Enzymatic degradation of PUR films using H. insolens cutinase (HiC). (a) A comparative study of the enzymatic degradation of untreated and heat‐treated PUR films with different particle loadings after 24 h reaction at 50°C. The reaction system comprises the same weight (~10 mg) of PUR films with a similar shape and 20 µg of enzyme in 25 mM Tris‐HCl buffer (pH 7.5). (b) Weight loss of PUR films after 24 h incubation. (c) Weight loss of PUR films (particle load: 15 mg/mL) with time. (d) SEM of untreated and heat‐treated PUR films with and without enzymatic treatment for 48 h. For the heat‐treated PUR film, wrinkled bulges and small cracks (lower right corner) were observed after incubation with the enzyme. (e) HPLC spectra of released products from PUR films (particle load: 15 mg/mL) at 50°C for 24 h with and without pretreatment and enzyme, respectively. (f) Mass spectra of the two major peaks (① and ②) of the highest intensity with m/z of 532.20 (①) and 490.20 (②).

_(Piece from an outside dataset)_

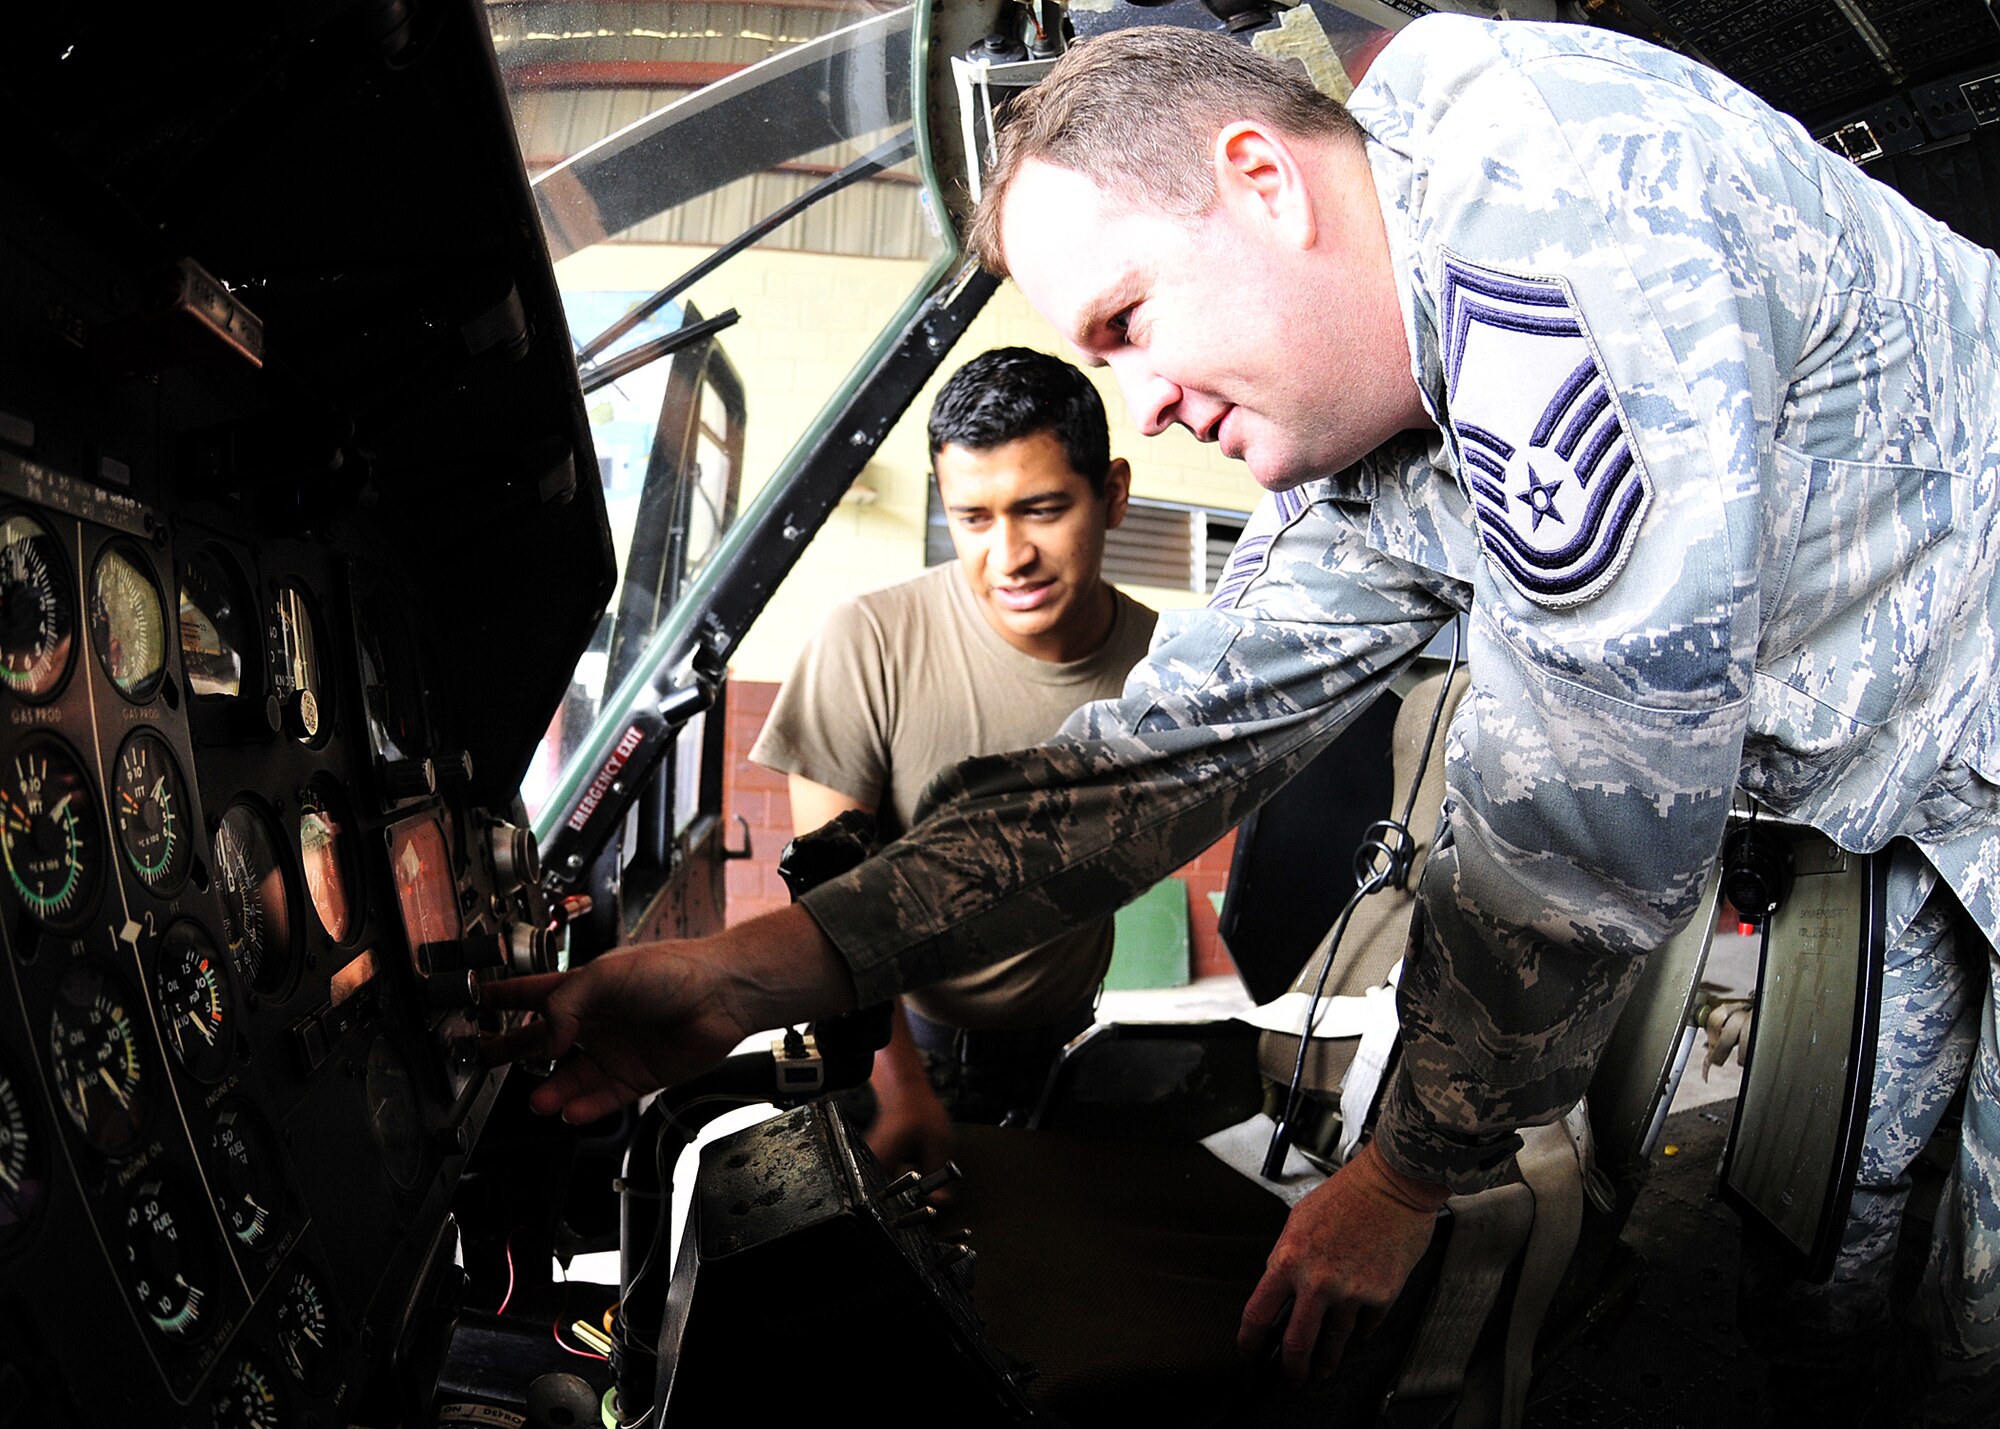 Senior Master Sgt. Hood, 571st Mission Support Advisory Squadron helicopter crew chief and air advisor, advises a Honduran Air Force member the proper installation of the radar altimeter indicator, in Tegucigalpa, Honduras, Feb. 3.  Radar altimeters are a component of terrain avoidance warning systems, warning the pilot if the aircraft is flying too low, or if there is rising terrain ahead. (U.S. Air Force photo by Tech. Sgt. Lesley Waters)

To complement the weight‐loss experiments, putative degradation products from enzymatic depolymerization of polyether‐polyester‐PUR films were analyzed by HPLC‐MS. Two major peaks from heat‐treated PUR film were found in the spectra using UV‐detection, but not in the corresponding spectra from the untreated PUR films (Figure 3e). Based on the mass spectrum, these two peaks showed m/z at 532.2 and 490.2 (Figure 3f). We reason that HiC breaks down the ester bonds in the PUR, releasing compounds or oligomers ① and ②, demonstrating the activity of HiC on ester bonds in the investigated polyether‐polyester‐PUR. Interestingly, a previous report demonstrated that the cutinase HiC preferentially hydrolyzed ester bonds in a polyester‐based PUR, while release of the MDA monomer was deteced according to liquid chromatography time‐of‐flight/mass spectrometry (LC‐MS‐TOF) [51]. In contrast, and as expected for a cutinase acting only on ester bonds, we only observed the possible hydrolysis of ester bonds in the polyether‐polyester‐based PUR, releasing compounds ① and ② in this study.
The absence of MDA formation after single HiC degradation is likely because the enzyme is not active on urethane bonds compared to ester bonds which the enzyme can readily hydrolyze [51]. We also took this observation as a sign that the complex structure of the PUR material used in this study might hinder enzymatic depolymerization by limiting enzyme access to the substrate. Indeed, this type of polyether‐polyester‐PUR has excellent transparency, chemical resistance, flexibility, and toughness, making it a durable and wear‐resistant high‐performance elastomer with a wide range of applications. For example, it can be used as a shape memory polymer and a reinforcing material to enhance the mechanical and thermal properties. This specific PUR has good biocompatibility and supports endothelial cell proliferation. It incorporates PCL (see Figure 1), which contributes to its biodegradability, as numerous enzymes, particularly esterases and cutinases, are known to catalyze PCL degradation [54]. The built‐in PCL can also improve the hydrophobicity of the polymer matrix and can be used to prepare PUR membranes for effective gas separation [55] and to synthesize biomedical hydrogels with good thermodynamic properties [56]. Therefore, more degradation studies are needed to address the potential issues of such PUR plastic waste accumulation in both clinical and natural environments. In fact, most cutinases only have ester bond hydrolysis activity, while a small number of cutinase shows the promiscuous capability of amide or urethane bond hydrolysis (e.g., amide bonds in polyamide 6.6) [57]. To unleash the full potential of cutinases, an enzyme engineering strategy could be used for creating durable and effective biocatalysts.
In addition to HiC, a number of novel cutinases, such as BaCut1 [58], CpCut1 [59], and PlCut1 [60] have been identified from various microorganisms, exhibiting ester bond‐degrading activity in PURs. However, either Impranil DLN or polyester‐based PUR (e.g., PBA‐PUR) was commonly used as a substrate in these studies, which are generally more susceptible to enzymatic depolymerization [61, 62] due to scission of their ester bonds. A direct degradation of polyether‐ or two‐component‐based PUR materials remains challenging due to the inertness of the ether bonds and the urethane unit, as well as the structural complexity of these substrates. Viable strategies targeting plastic to chemical recycling of polyether‐polyester‐PURs could include cascade depolymerization in conjunction with enzyme engineering.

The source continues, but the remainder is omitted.